KEYNOTE
9 July 2025, 6:20pm
Bibliothèque nationale de France (BnF), site Richelieu (entrance: 5 rue Vivienne)

The Japanese Buddhist World Map and its Parisian Reception: A Case Study in the Transcultural Circulation of Cartography
D. Max Moerman
In Kyoto, in the year 1710, the largest and most detailed Buddhist map of the world was published as a wood-block print. More than one century later, three different versions of this Japanese Buddhist world map were translated, redrawn, published in Paris as lithographs accompanying the earliest European studies of the travels of medieval Chinese Buddhist pilgrims to India.
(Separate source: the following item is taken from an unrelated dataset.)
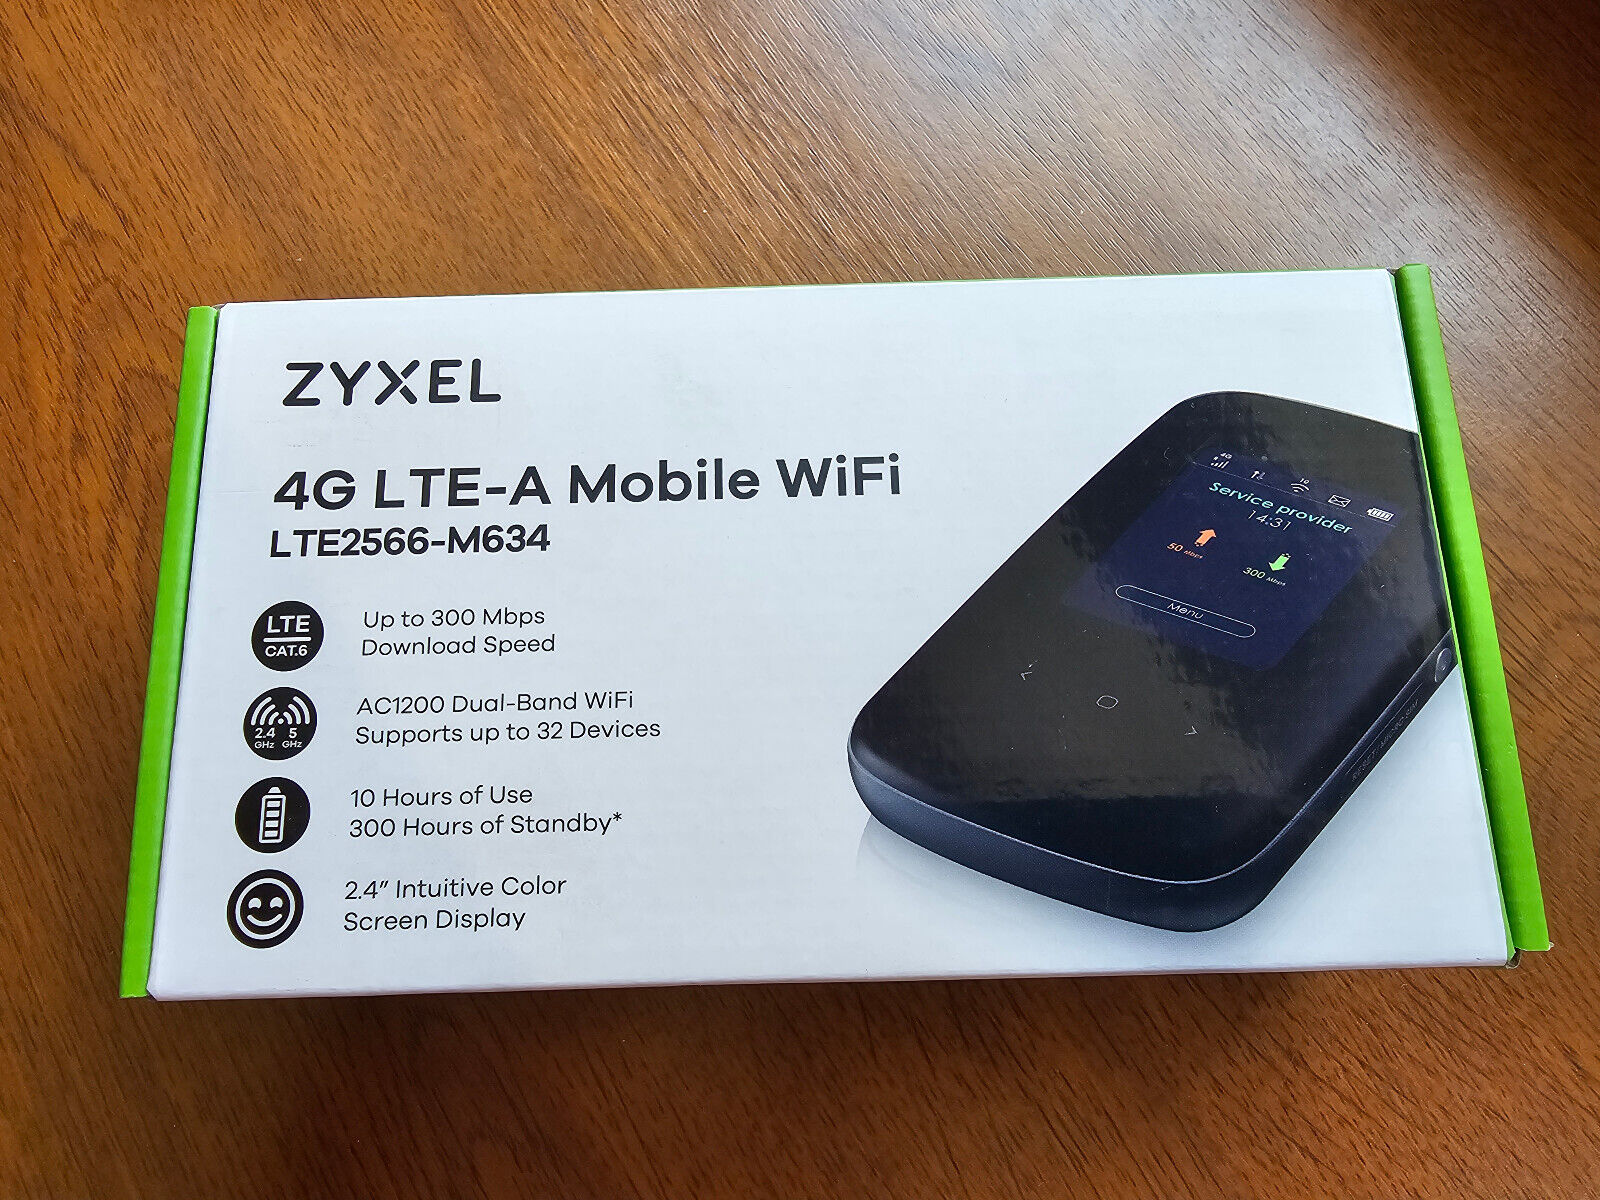 ZyXEL Wireless router Portable LTE2566-M634 4G LTE-A

This talk examines the significance of Japanese Buddhist cartography for the origins of the academic study of Buddhism in Europe. In doing so, it seeks to shed light on the unrecognized contributions of Japanese Buddhist cartography to the development of Buddhist Studies in the West.
D. Max Moerman is Professor in the Department of Asian and Middle Eastern Cultures at Barnard College, Columbia University. He is the author of Localizing Paradise: Kumano Pilgrimage and the Religious Culture of Premodern Japan (2005) and The Japanese Buddhist World Map: Religious Vision and the Cartographic Imagination (2022).
SPOTLIGHT
11 July 2025, 4:15 pm
Campus Condorcet Conference Center (Centre de Colloques)

At the Crossroads between Knowledge and Practice: New Lights on Medieval Mapping
Juliette Dumasy-Rabineau
Contrary to the belief that few if any large-scale maps were produced in Europe before the modern period, recent scholarship has highlighted that, in fact, hundreds of them survive, scattered in multiple archival deposits. Indeed, in the last centuries of the Middle Ages, political and seigniorial authorities made an increasing use of cartography in their day-to-day business. Combined with pragmatic literacy, these local and regional maps offered a vivid knowledge on places and territories in order to help decision-making. They were usually commissioned from painters, who, on the basis of their visits in the field and their artistic skills, developed specific techniques for mapping. For all these reasons, such maps stand at an intriguing crossroads between practices and knowledge of space, power, literacy and art – a combination that played an important but still little-known part in the genesis of maps of the modern era.
Juliette Dumasy-Rabineau is Associate Professor of Medieval History at the University of Orléans, France. She was co-curator of the exhibition Quand les artistes dessinaient les cartes. Vues et figures de l’espace français, Moyen Âge et Renaissance, at the Archives Nationales in Paris in 2019. She published, with Camille Serchuk and Emmanuelle Vagnon, Towards a History of Local Maps in Medieval and Early Modern Europe, Paris, Le Passage, 2022.